Exhibit 5.1
[DAVIS POLK LETTERHEAD]
December 29, 2009
Roper Industries, Inc.
6901 Professional Parkway East
Suite 200
Sarasota, Florida 34240
Ladies and Gentlemen:
We have acted as special counsel for Roper Industries, Inc., a Delaware corporation (the “Company”), in connection with the Company’s offering of 2,300,000 shares of common stock, par value $0.01 per share (the “Shares”), in an underwritten public offering pursuant to an underwriting agreement dated December 22, 2009 (the “Underwriting Agreement”) between the Company and J.P. Morgan Securities and Goldman, Sachs & Co. as underwriters.
We, as your counsel, have examined originals or copies, certified or otherwise identified to our satisfaction, of such documents, corporate records, certificates of public officials and other instruments as we have deemed necessary or advisable for the purpose of rendering this opinion.

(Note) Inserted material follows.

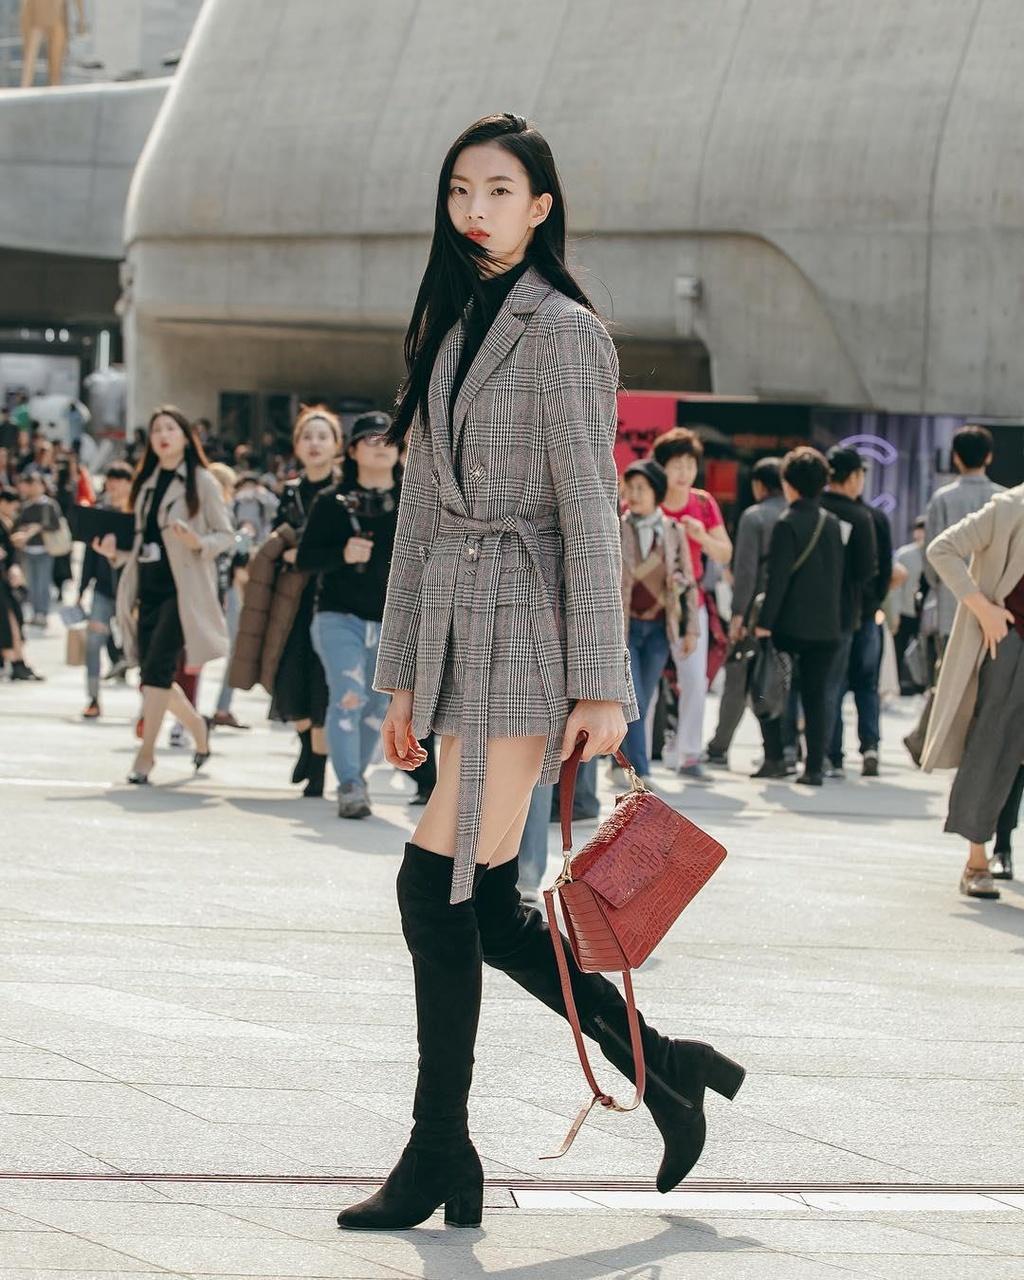 Hinh anh A quan The Face tai Seoul Fashion Week len Vogue hinh anh 18

Based upon the foregoing, we are of the opinion that when the Shares are issued and delivered in accordance with the Underwriting Agreement against payment therefor, they will be validly issued, fully paid and non-assessable.
We are members of the Bars of the States of New York and California and the foregoing opinion is limited to the laws of the State of New York and the General Corporation Law of the State of Delaware (including the statutory provisions, all applicable provisions of the Delaware Constitution and reported judicial decisions interpreting the foregoing).
We hereby consent to the filing of this opinion as an exhibit to a report on Form 8-K to be filed by the Company on the date hereof. In giving this consent, we do not admit that we are in the category of persons whose consent is required under Section 7 of the Securities Act.
This opinion is rendered solely to you in connection with the above matter. This opinion may not be relied upon by you for any other purpose or relied upon by or furnished to any other person without our prior written consent.